---- Information
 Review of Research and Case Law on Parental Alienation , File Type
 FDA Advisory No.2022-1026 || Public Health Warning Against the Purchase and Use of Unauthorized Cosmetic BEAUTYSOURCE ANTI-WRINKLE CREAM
--------
---- Information
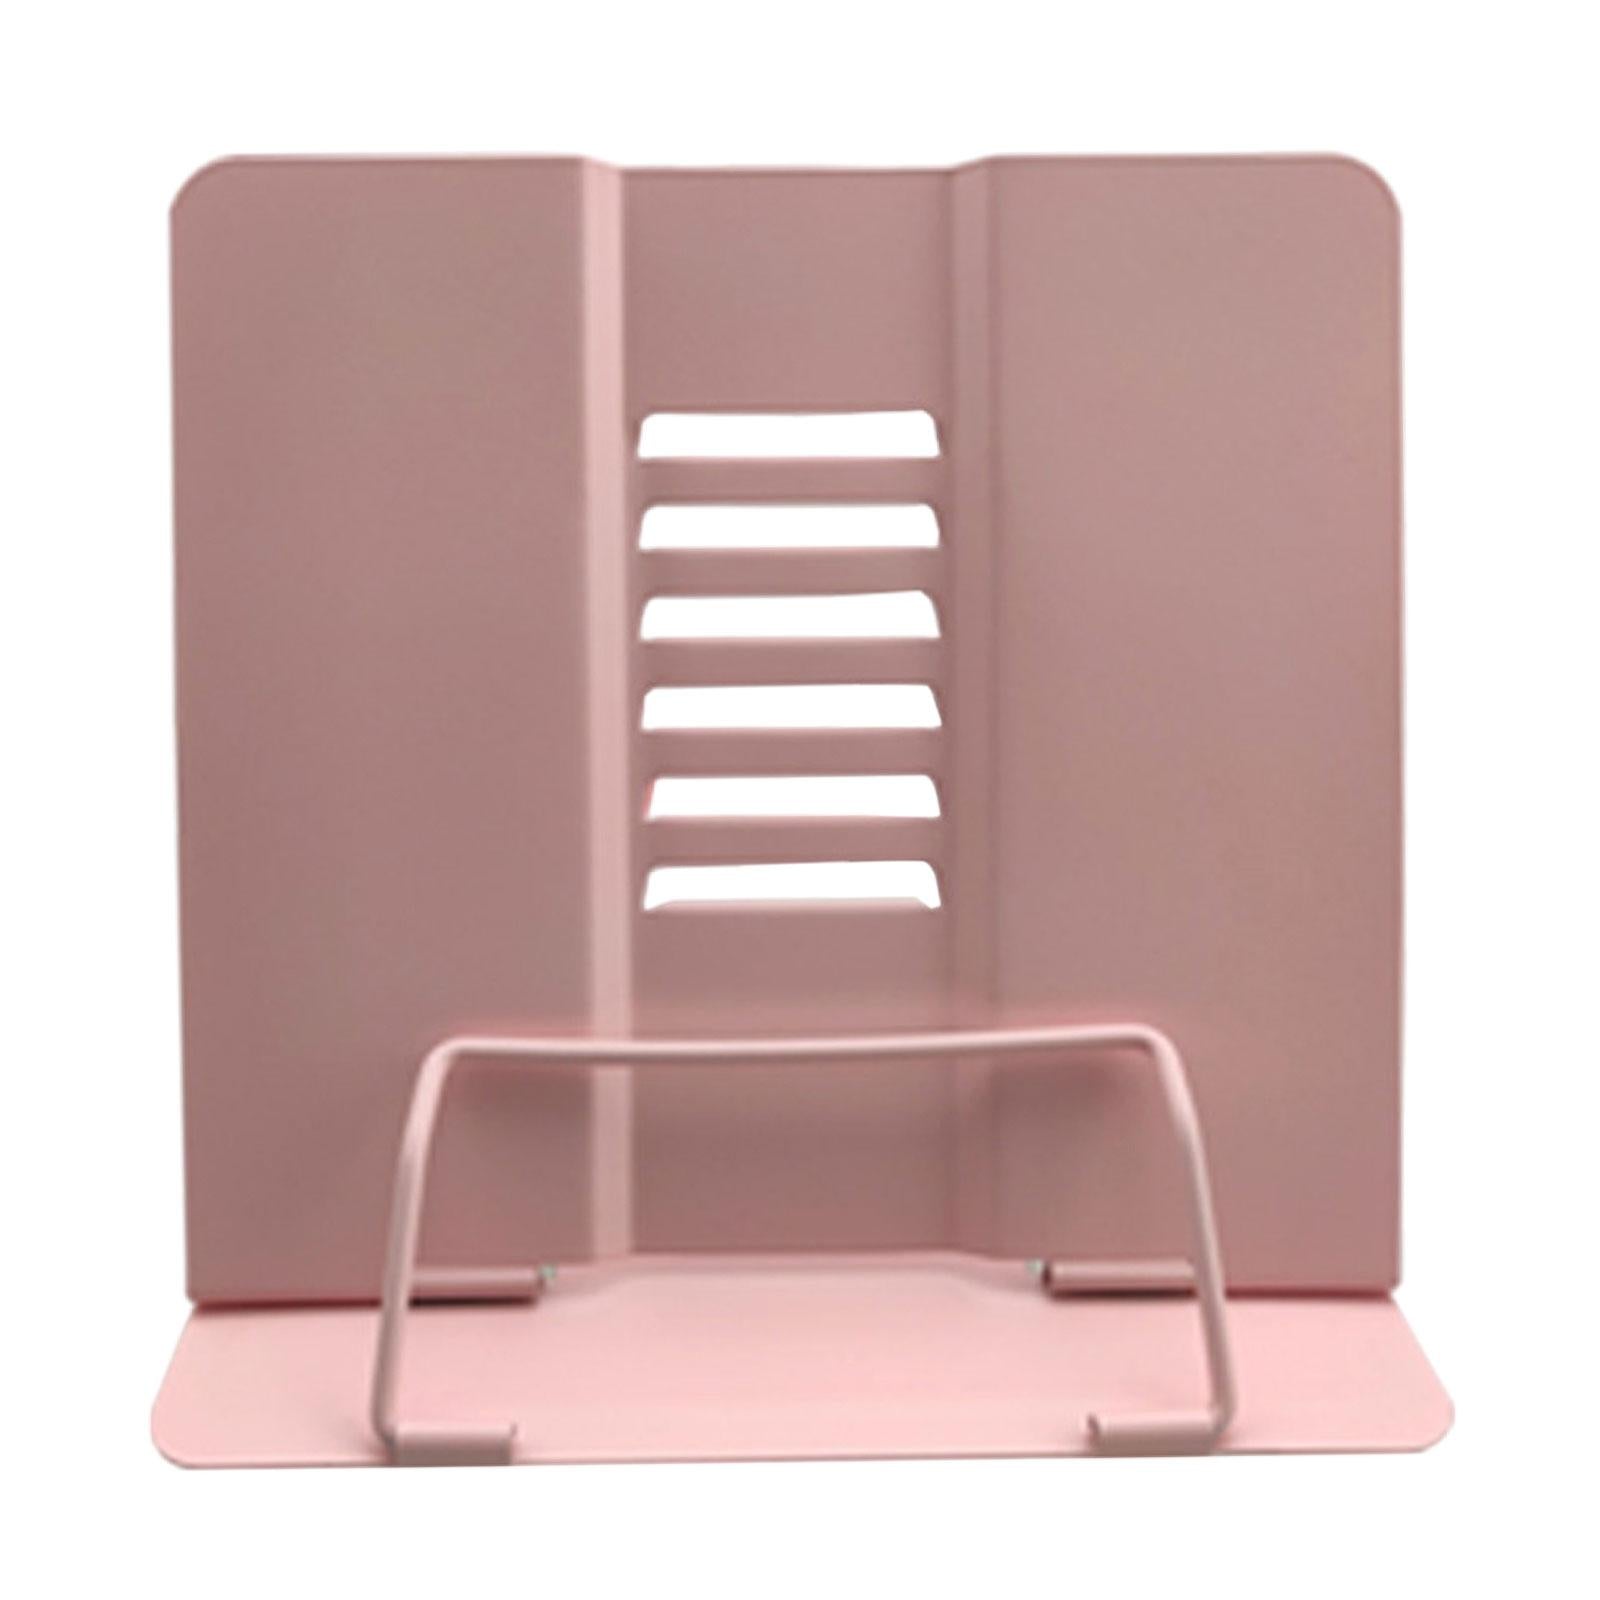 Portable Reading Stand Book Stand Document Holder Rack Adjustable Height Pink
--------
▸ **Requirement**: From the material above, retype precisely the lines between the line holding "Review of Research" and the line holding "FDA Advisory No.2022-1026", inclusive, and nothing beyond them.

▸ **Answer to this exercise**:
 Review of Research and Case Law on Parental Alienation , File Type
 FDA Advisory No.2022-1026 || Public Health Warning Against the Purchase and Use of Unauthorized Cosmetic BEAUTYSOURCE ANTI-WRINKLE CREAM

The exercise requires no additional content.